→ Activity:
Scan the lines below for "with" and copy the matches.

→ Data for analysis:
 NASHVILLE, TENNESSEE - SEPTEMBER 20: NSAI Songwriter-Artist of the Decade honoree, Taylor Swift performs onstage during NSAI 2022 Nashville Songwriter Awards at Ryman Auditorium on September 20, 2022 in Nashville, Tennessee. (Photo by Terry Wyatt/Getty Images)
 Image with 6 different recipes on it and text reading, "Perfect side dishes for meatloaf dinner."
--
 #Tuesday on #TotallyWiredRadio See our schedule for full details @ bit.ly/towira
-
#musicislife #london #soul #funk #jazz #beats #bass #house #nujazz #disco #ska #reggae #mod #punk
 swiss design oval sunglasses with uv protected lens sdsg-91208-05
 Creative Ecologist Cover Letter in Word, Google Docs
...
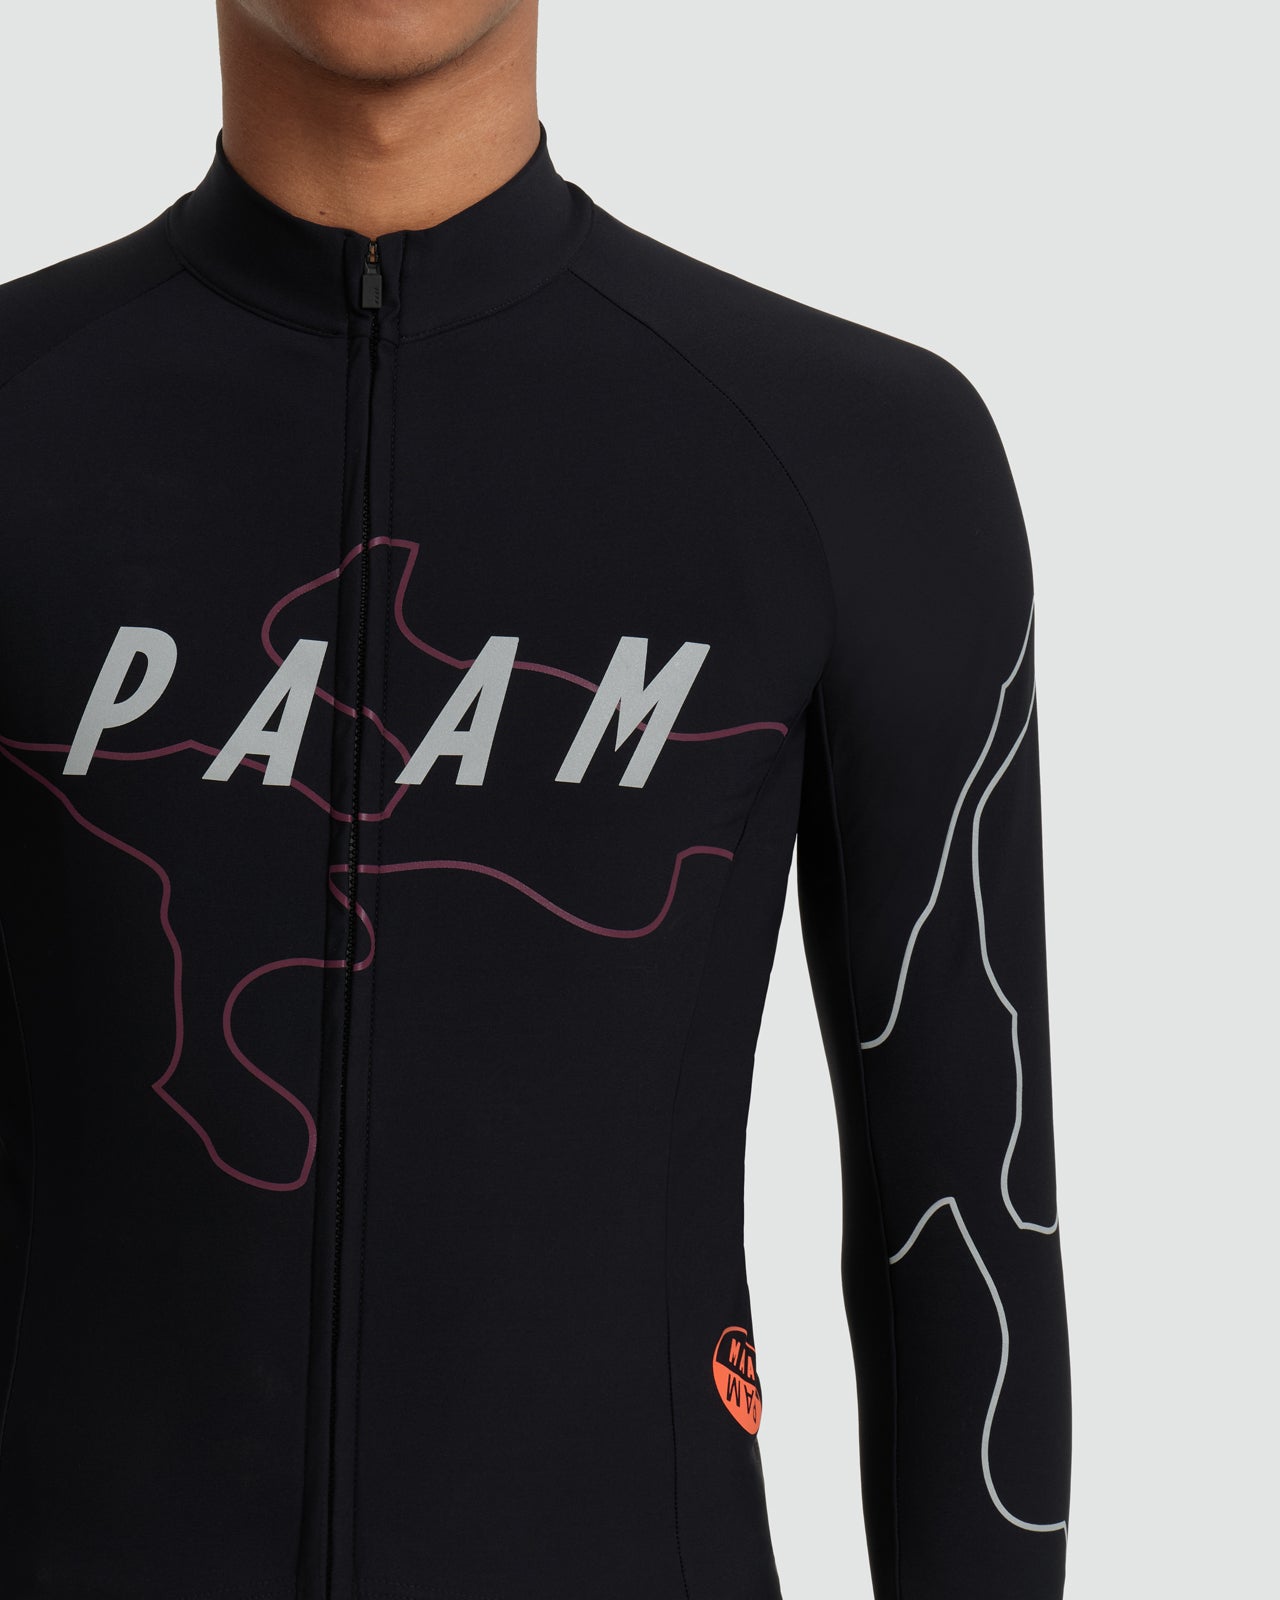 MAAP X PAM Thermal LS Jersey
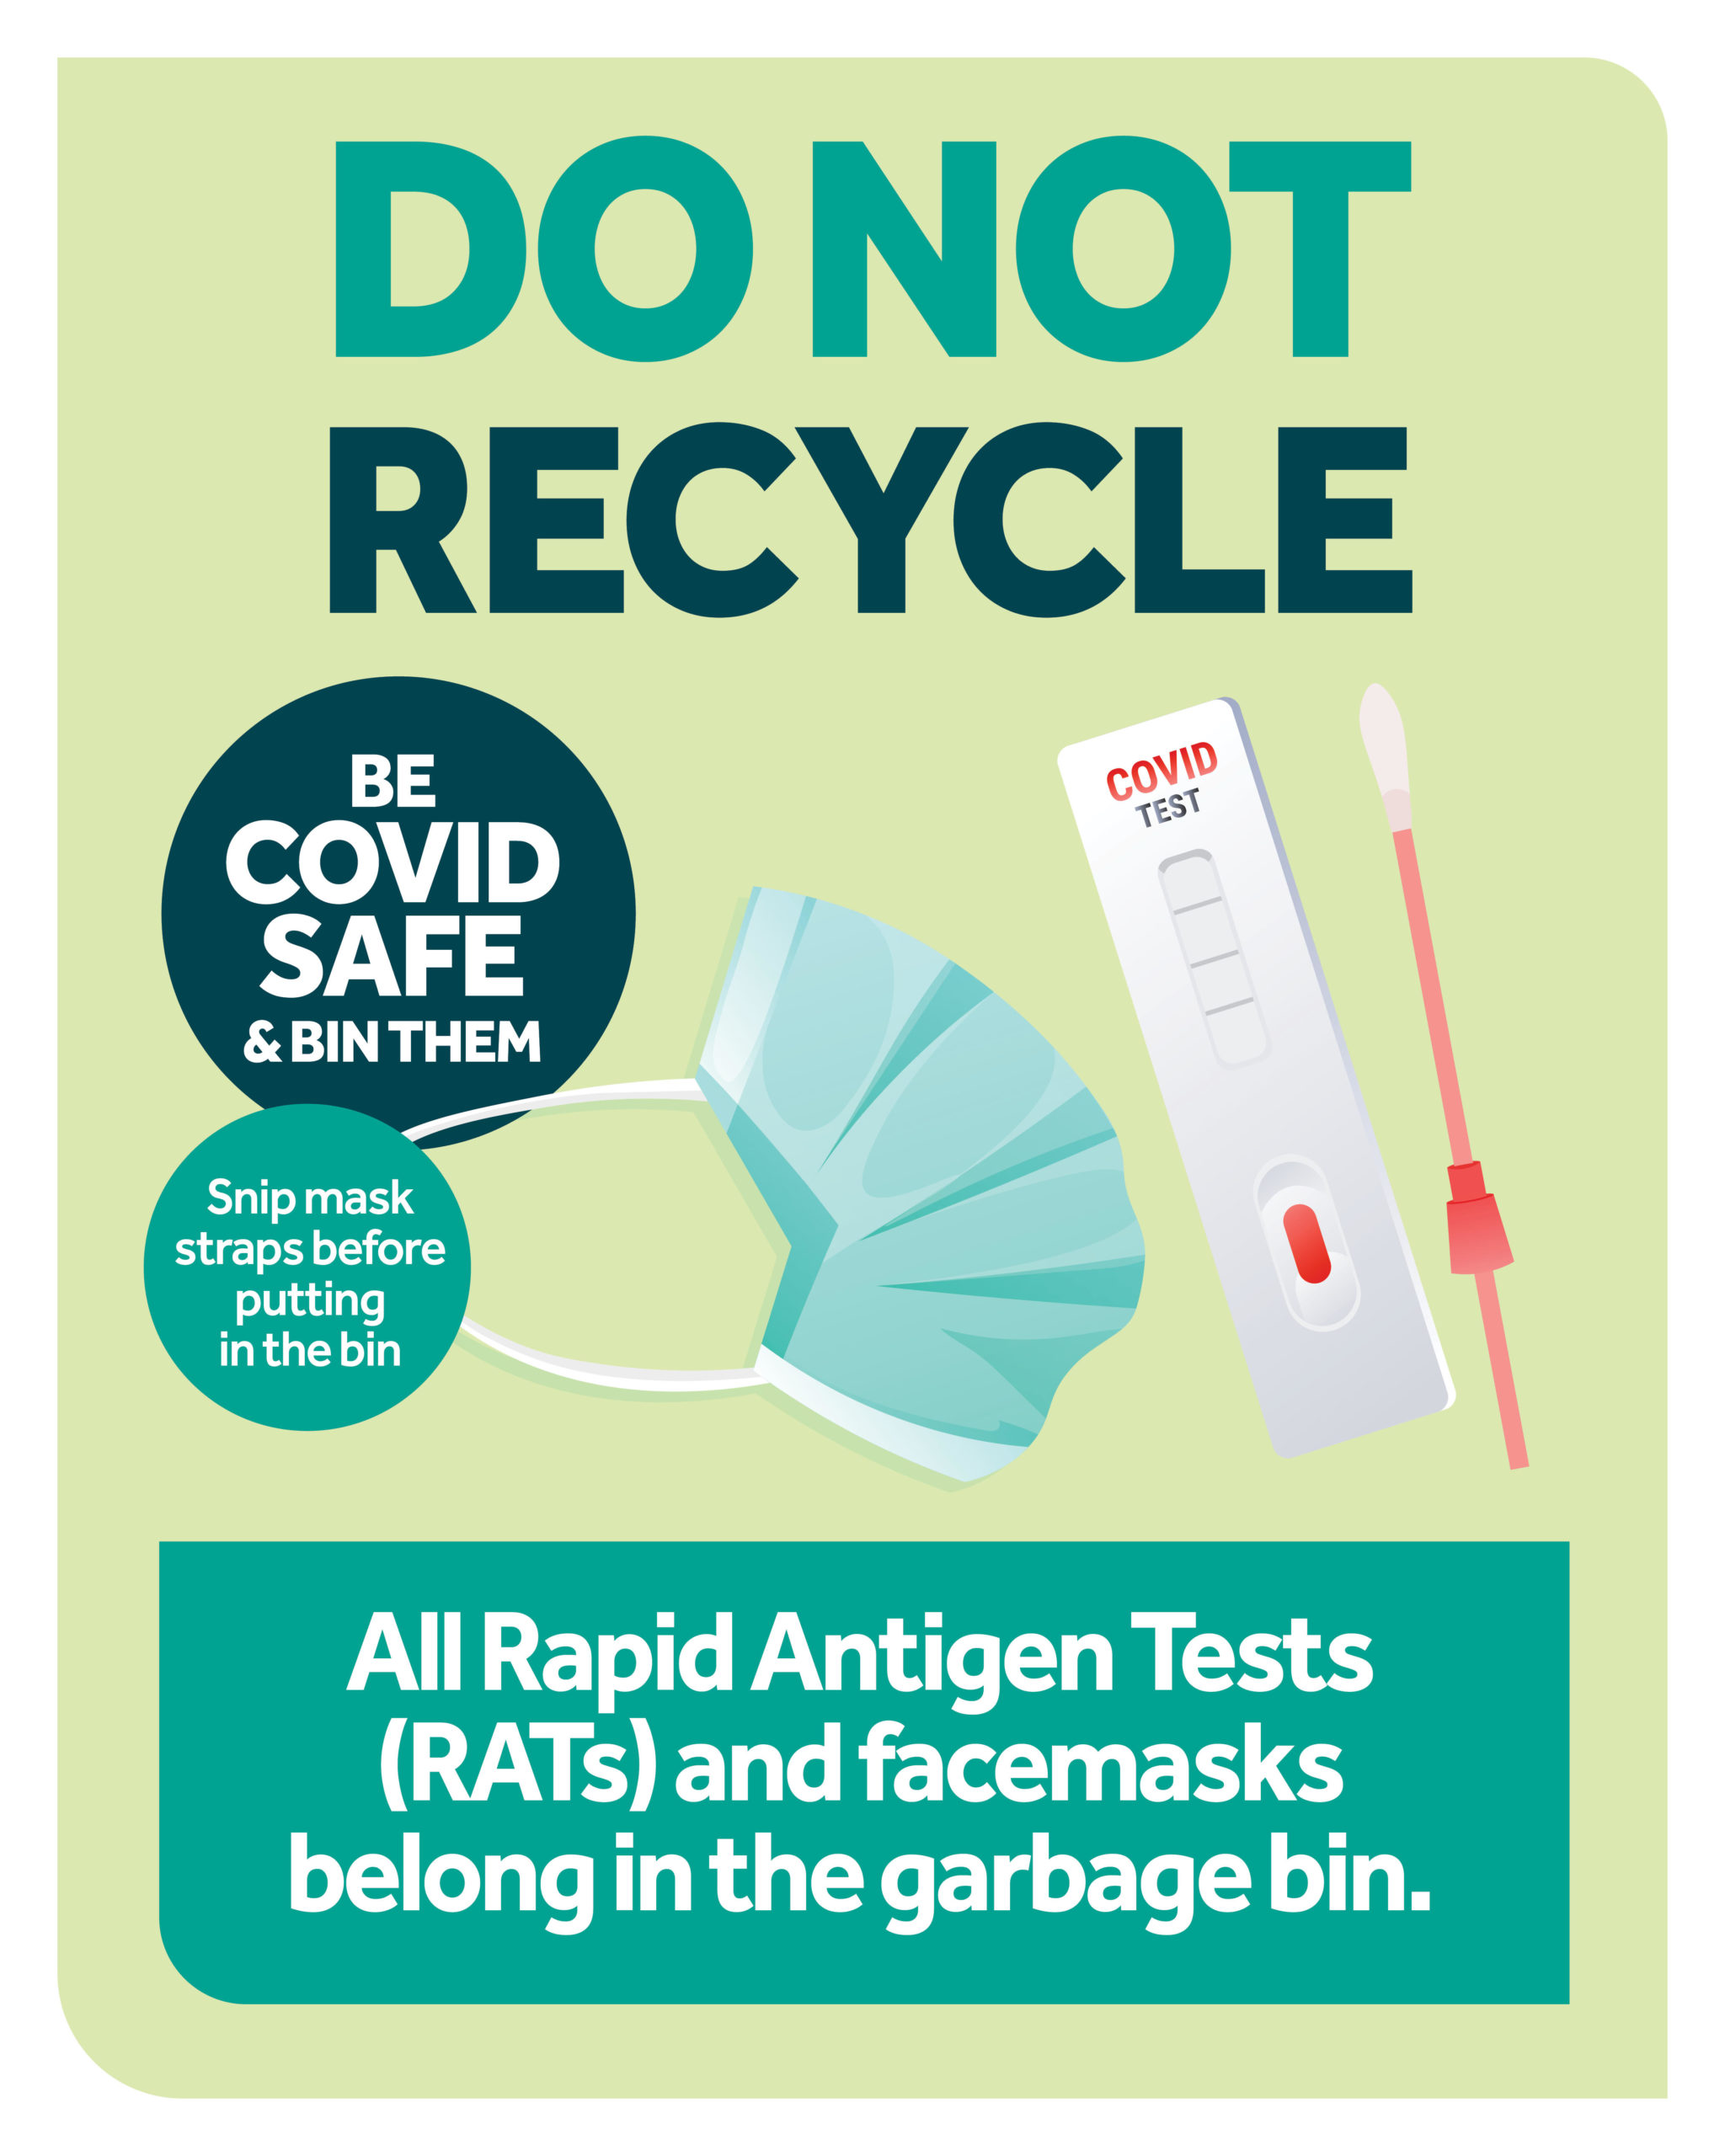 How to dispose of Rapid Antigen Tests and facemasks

→ Solution for this problem:
 Image with 6 different recipes on it and text reading, "Perfect side dishes for meatloaf dinner."
 swiss design oval sunglasses with uv protected lens sdsg-91208-05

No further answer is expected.